Essays From the Nick of Time, a collection of nonfiction pieces by Mark Slouka, is one of my favorite books of 2010. Though his interview with the Rumpus is mostly focused on politics, he does discuss wearing two hats as an essayist and a fiction writer: “I can’t tell you anything about myself—why I got married, what I had for breakfast this morning—that isn’t a story. So, aside from certain conventions of voice, a certain stance toward ‘fact,’ I’m not sure the line exists. One side bleeds into the other all the time.” (I’ve read none of Slouka’s fiction; recommendations welcome.)
Dennis Lehane in the Wall Street Journal: “If I have to be labelled, I want to say my books are about the ethos of a city. I’m not a mystery novelist, I’m definitely not a literary novelist.
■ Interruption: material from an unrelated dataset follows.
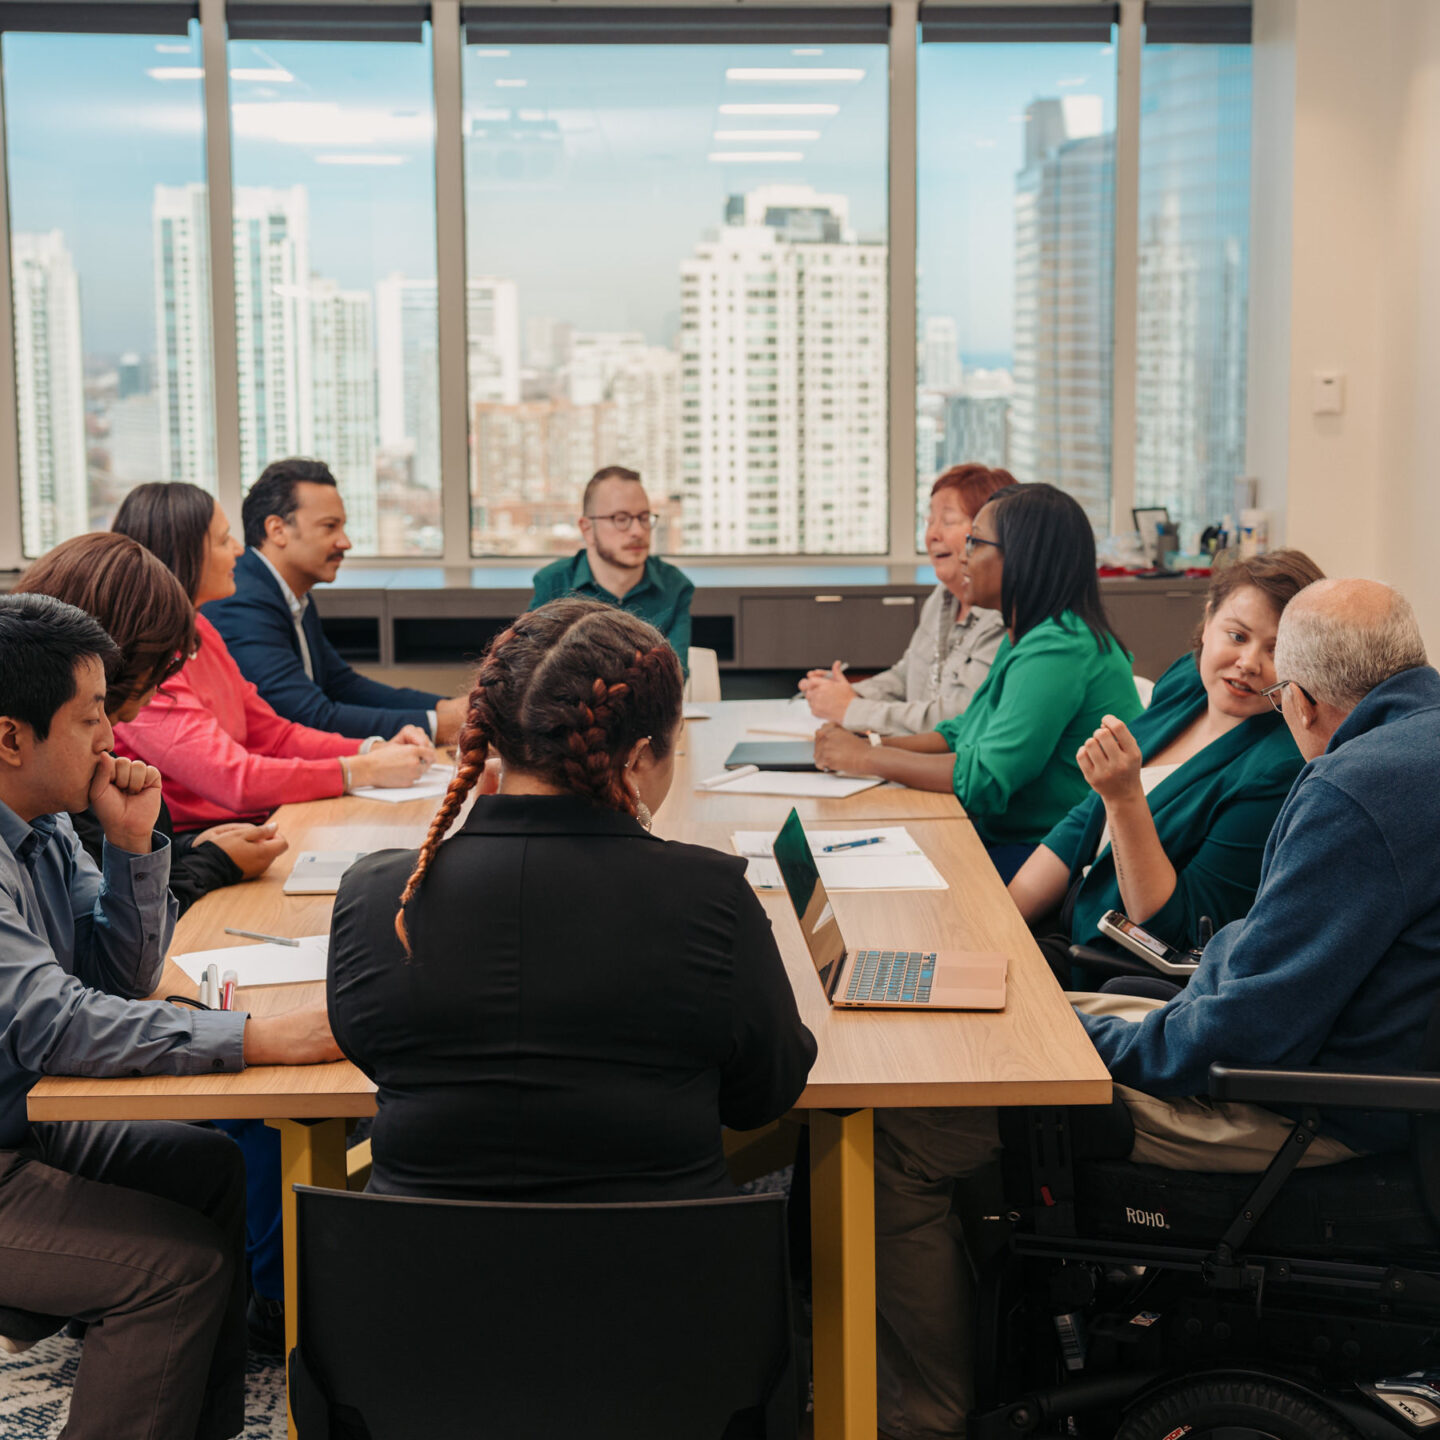 A group of diverse professionals representing various disability identities gather in a meeting around a conference table. Windows overlook a city skyline.
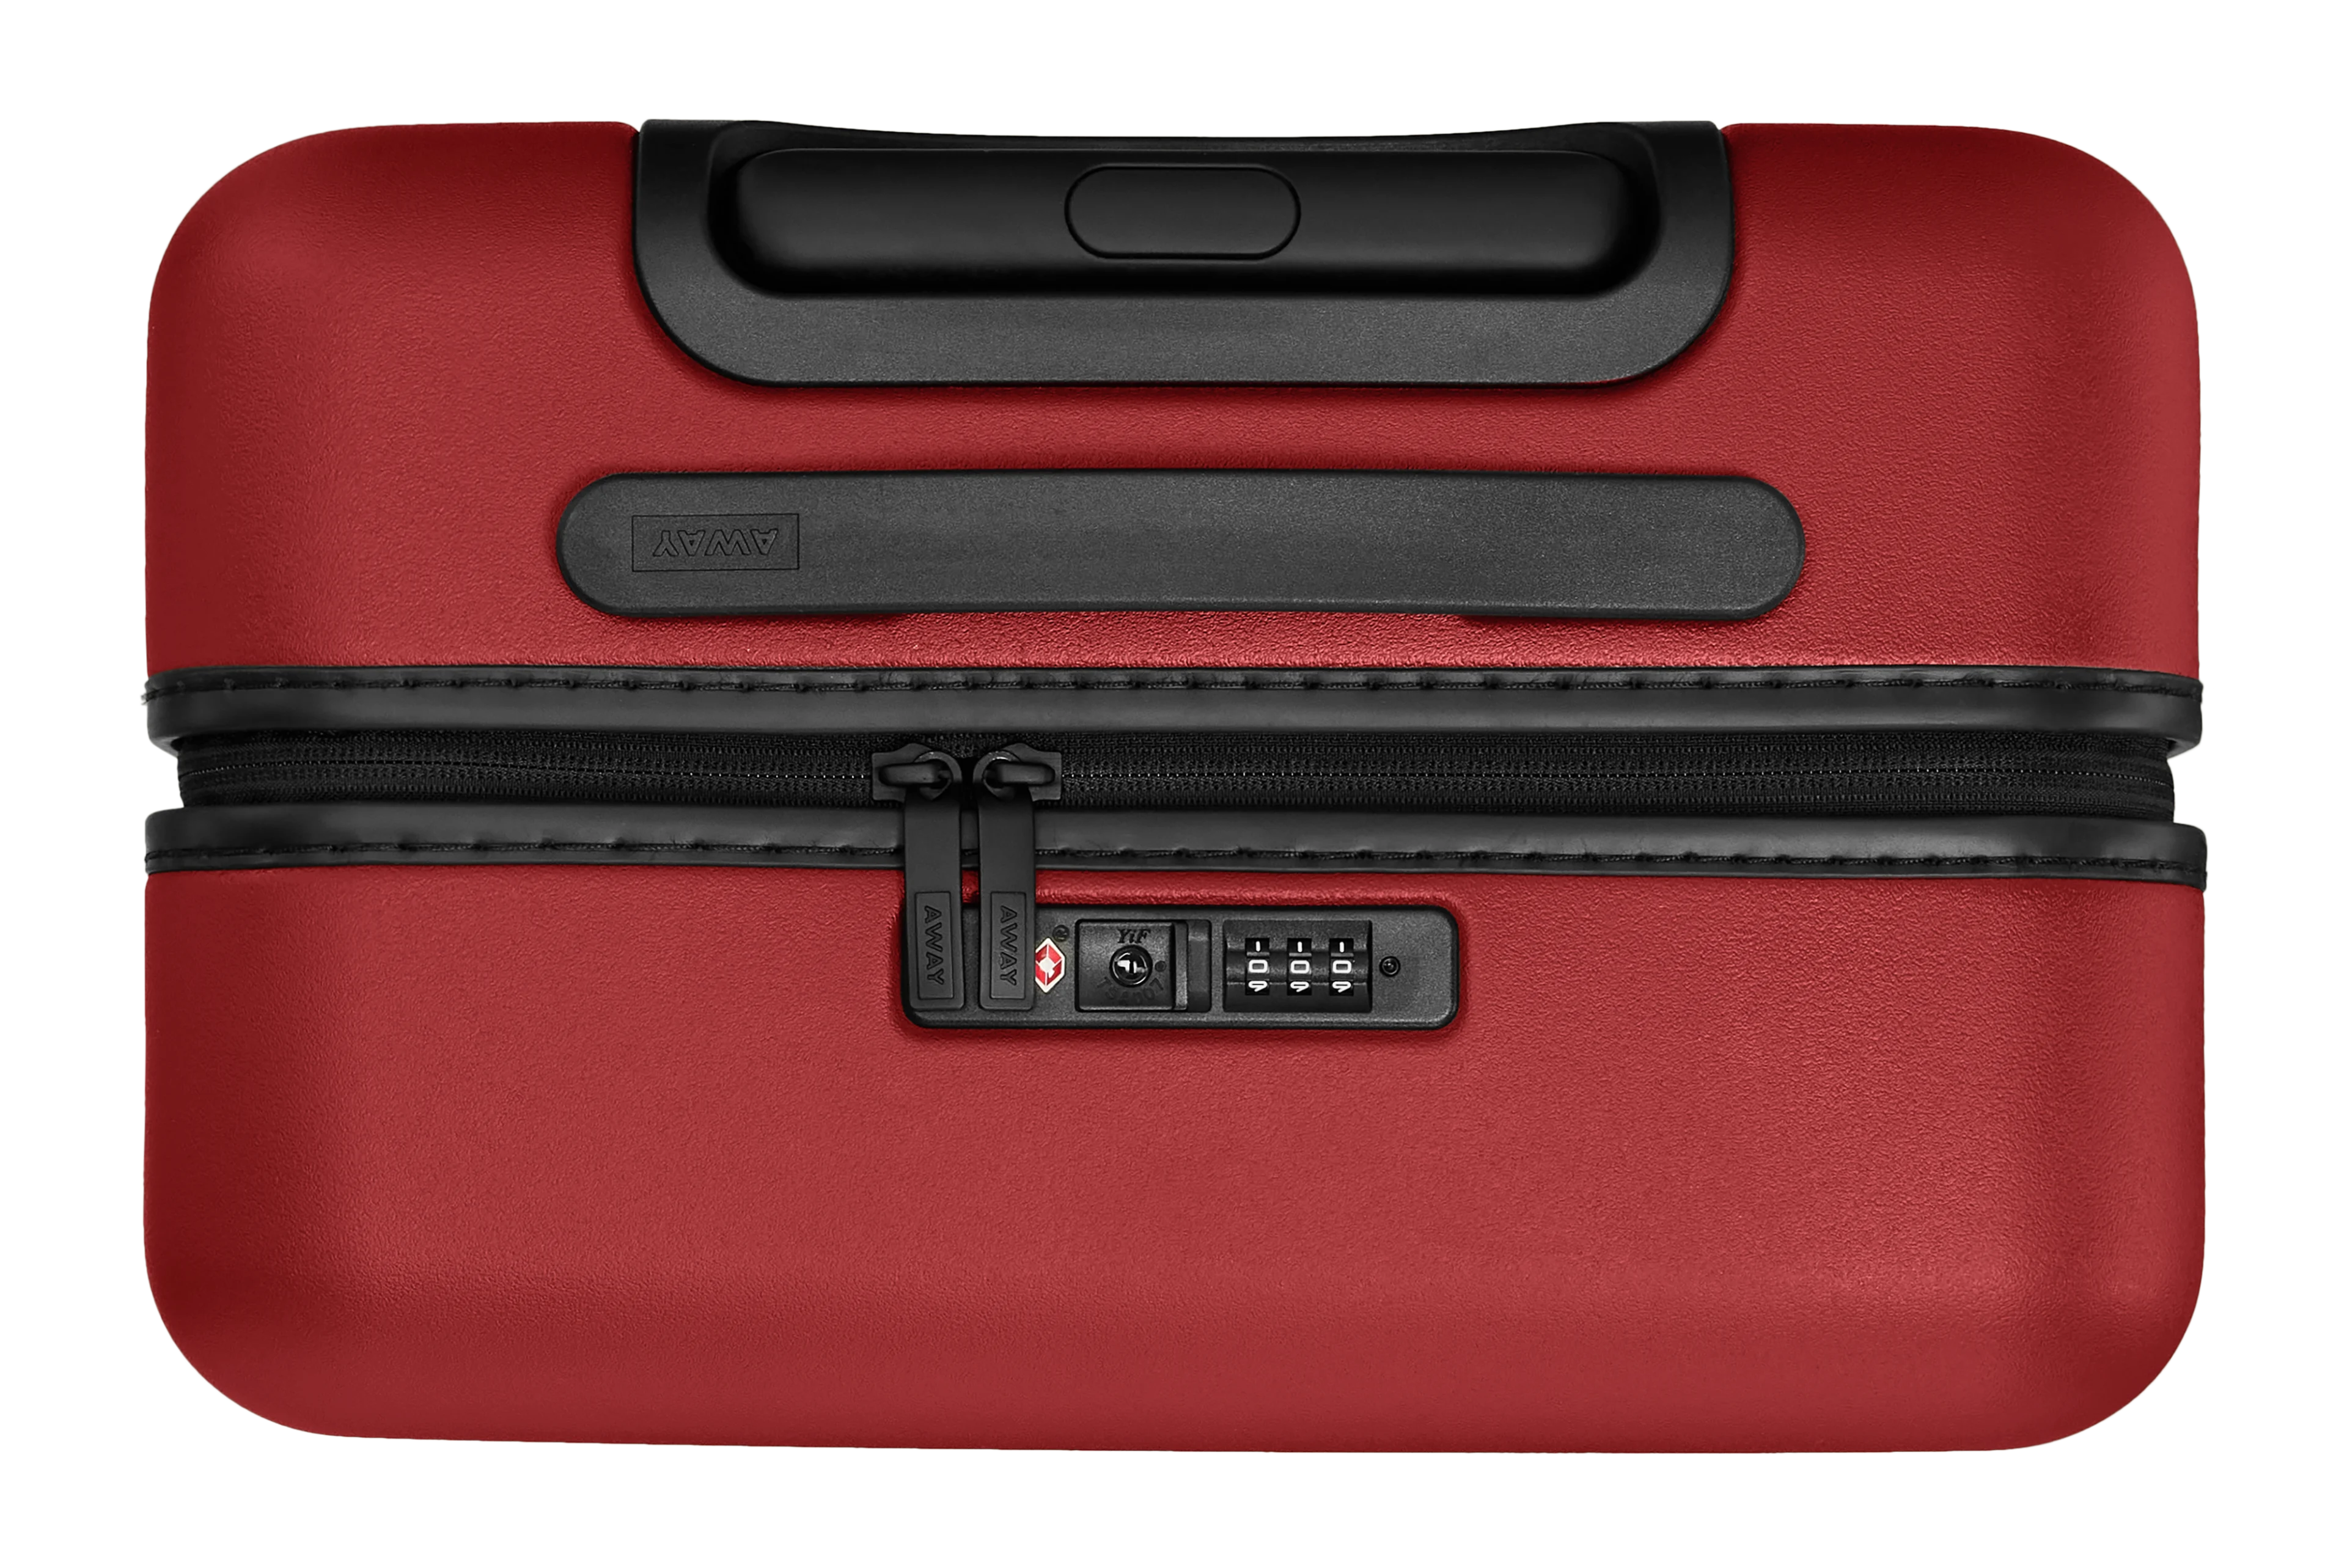 The Bigger Carry-On in Tango Red

I think I’m kind of an urban novelist.” (Buried in the story is the news that he’s writing an HBO movie with fellow Wire writer George Pelecanos.)
John Irving on critics: “Many practicing critics don’t write novels; I’ve written 12. What can someone who hasn’t written one novel—or has possibly written a couple of mediocre novels—teach me about my writing? Nothing. I will keep saying this till the day I die: when you’ve written a number of novels, the process of being reviewed is often an exercise in being condescended to by your inferiors.” If only the point of book reviewing were to teach John Irving something about writing…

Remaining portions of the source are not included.